COVID-19 continued to play its part in voting decisions
This AGM season in particular, diversity, time commitments and how executive remuneration has been managed during the pandemic were issues that resulted in a relatively poor voting record for director resolutions.
Companies with a controlling shareholder often received the lowest votes for the election or re-election of an independent director as listing rules require approval by all shareholders and by the independent shareholders of the company.
Investor relations bodies were active during the difficult months of the pandemic in setting out how they intended to call out companies who were seen to be acting inappropriately, either in terms of executive remuneration or in how they dealt with their workforce. Early in 2021, Blackrock reported on a review of voting against directors on various issues and concluded that this was an effective tool for bringing about change.
How did the votes play out?
There has been a significant fall in votes for the Chair of a company during 2020/2021 over previous years.
It is interesting to note that reasons given for a higher proportion of votes against included:
- Concerns over board diversity.
- Time commitments of the chair.
- Length of tenure.
- Having an executive chair.
At some companies, there were internal circumstances where protest votes were made by large shareholders that resulted in a high level of votes against the Chair.
Votes in favour of the Chair
Voting for the Remuneration Committee Chair
Most notable in 2021 was the decrease in the percentage of Remuneration Committee Chairs receiving 95% of more votes in favour (from 83% to 79%). We also saw a significant increase (by 7.5%) in Remuneration Committee Chairs receiving less than 90% of votes in favour.
The increase in dissent centred on concerns over how Remuneration Committees dealt with executive bonuses and pay packages during the pandemic. It also reflects the continuing disquiet over director remuneration generally, with high numbers of votes against remuneration policy and remuneration report resolutions.
Votes in favour of Remuneration Committee Chair
Voting for the Nomination Committee Chair
The Nomination Committee Chair often receives the lowest number of votes for of all the Board Committees.

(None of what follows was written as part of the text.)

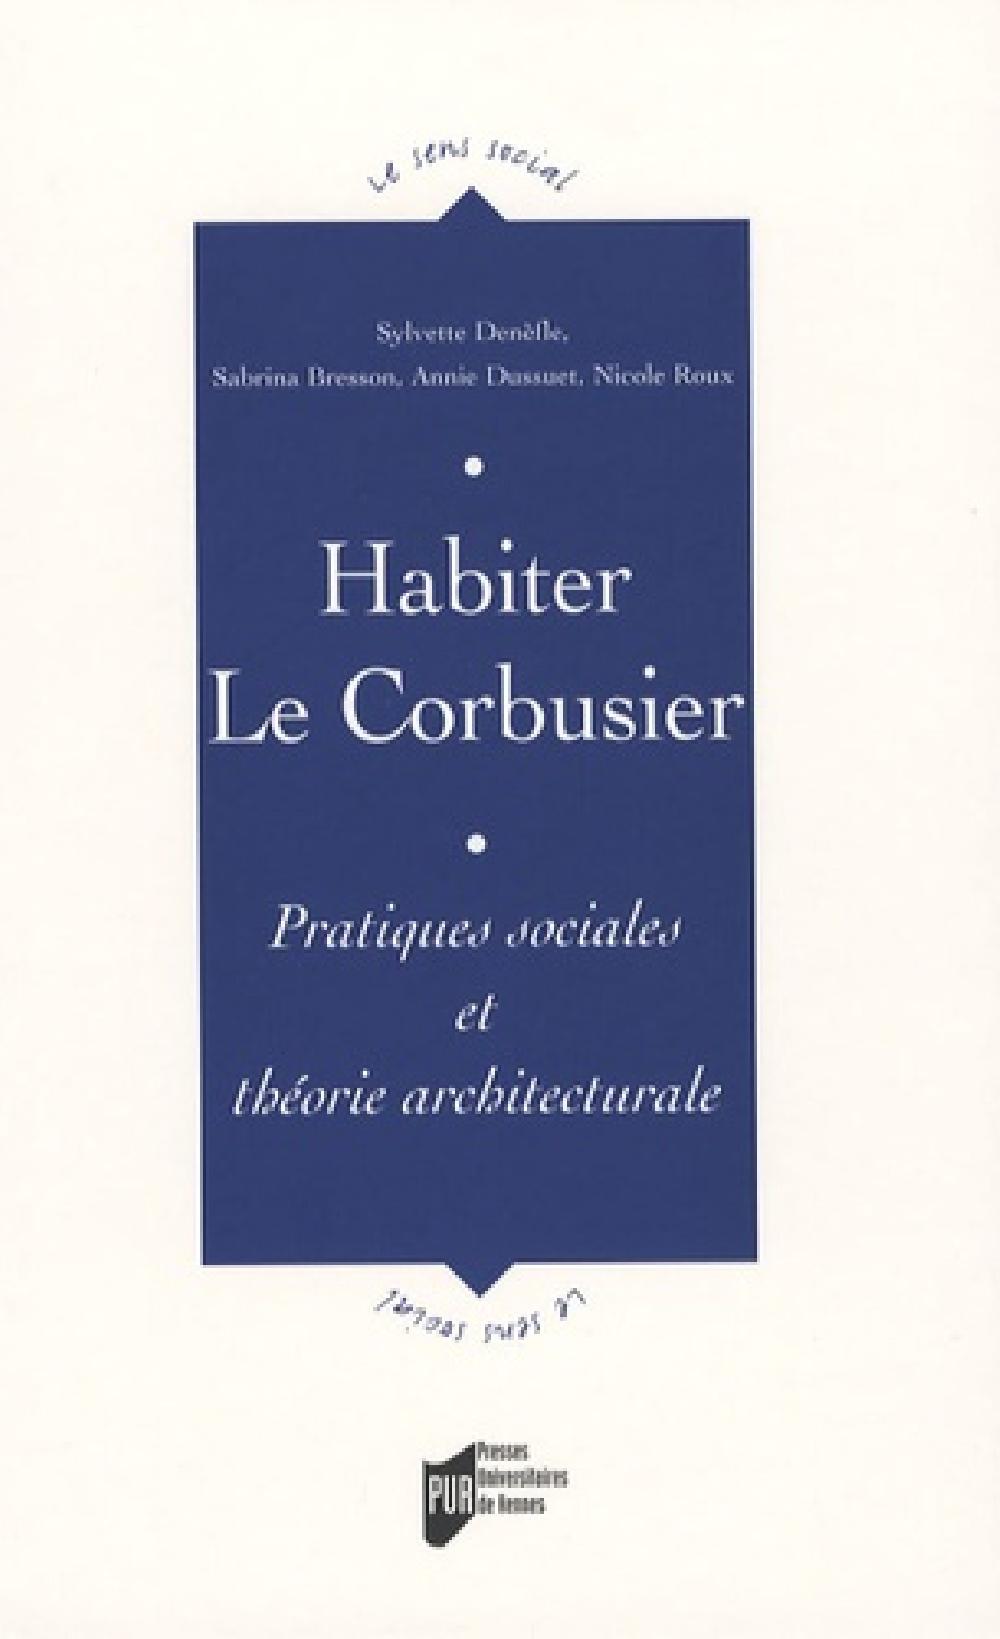 Habiter Le Corbusier - Pratiques sociales et théorie architecturale

This is frequently the case where the Chair of the company is also the Nomination Committee Chair, so concerns over governance generally or company performance are reflected in the voting outcome. This year nearly 74% of Nomination Committee Chairs received more than 95% or more of votes in favour compared to almost 79% in 2020. In addition, 26% of chairs received 95% or less votes in favour compared to 21% in 2020.
In their Stewardship and Voting Guidelines for 2021, the Pensions and Lifetime Savings Association (PLSA) included a recommendation that investors should consider voting against the Nomination Committee Chair where there is a failure to meet Davis or Parker report targets for gender and ethnic diversity on boards. It is interesting to note that our analysis showed that this year in particular concerns over board diversity often resulted in high levels of votes against the Nomination Committee Chair.
*The difference in total number of companies is caused by instances where the chair or chair of a committee has stood down at the AGM but the replacement has been made after the AGM or where a company does not have a separate audit, remuneration or nomination committee.
Votes in favour of Nomination Committee Chair
Percentage of Male and Female chairs
This year, we looked at the proportion of male to female Company and Committee Chairs. We can see a small but significant increase in the number of women becoming Chairs of FTSE 350 companies and Audit Committee and Nomination Committee Chairs. Women hold well over half of Remuneration Committee Chair positions, very likely reflecting the high number of women in top human resources jobs.
This shift to greater female representation will be of no surprise, given the drive for diversity and the recognition of its benefits on company boards. It is a trend that is set to continue.
Percentage of Male and Female Chairs
Board Diversity in 2022 and beyond
There has been a concerted drive and some progress made towards having greater diversity on company boards in recent times. Gender diversity has been at the forefront of this but there is recognition that companies have a long way to go to ensure diversity in all its forms including race.
Nomination Committees need to reach the widest selection of candidates possible when recruiting and actively seek to promote diversity on the board as part of their diversity policies so that companies can benefit from having the highest quality management.
About the stats
- Unless otherwise indicated, statistics quoted in this article are taken from research undertaken by Equiniti’s AGM team. The statistics include all companies in the FTSE 100 and FTSE 250 indices as well as Equiniti clients outside of these indices (referred to as other/smaller). All 2021 statistics are for the 2020/21 year ended on 31 July 2021.
- Statistics based on Equiniti clients only.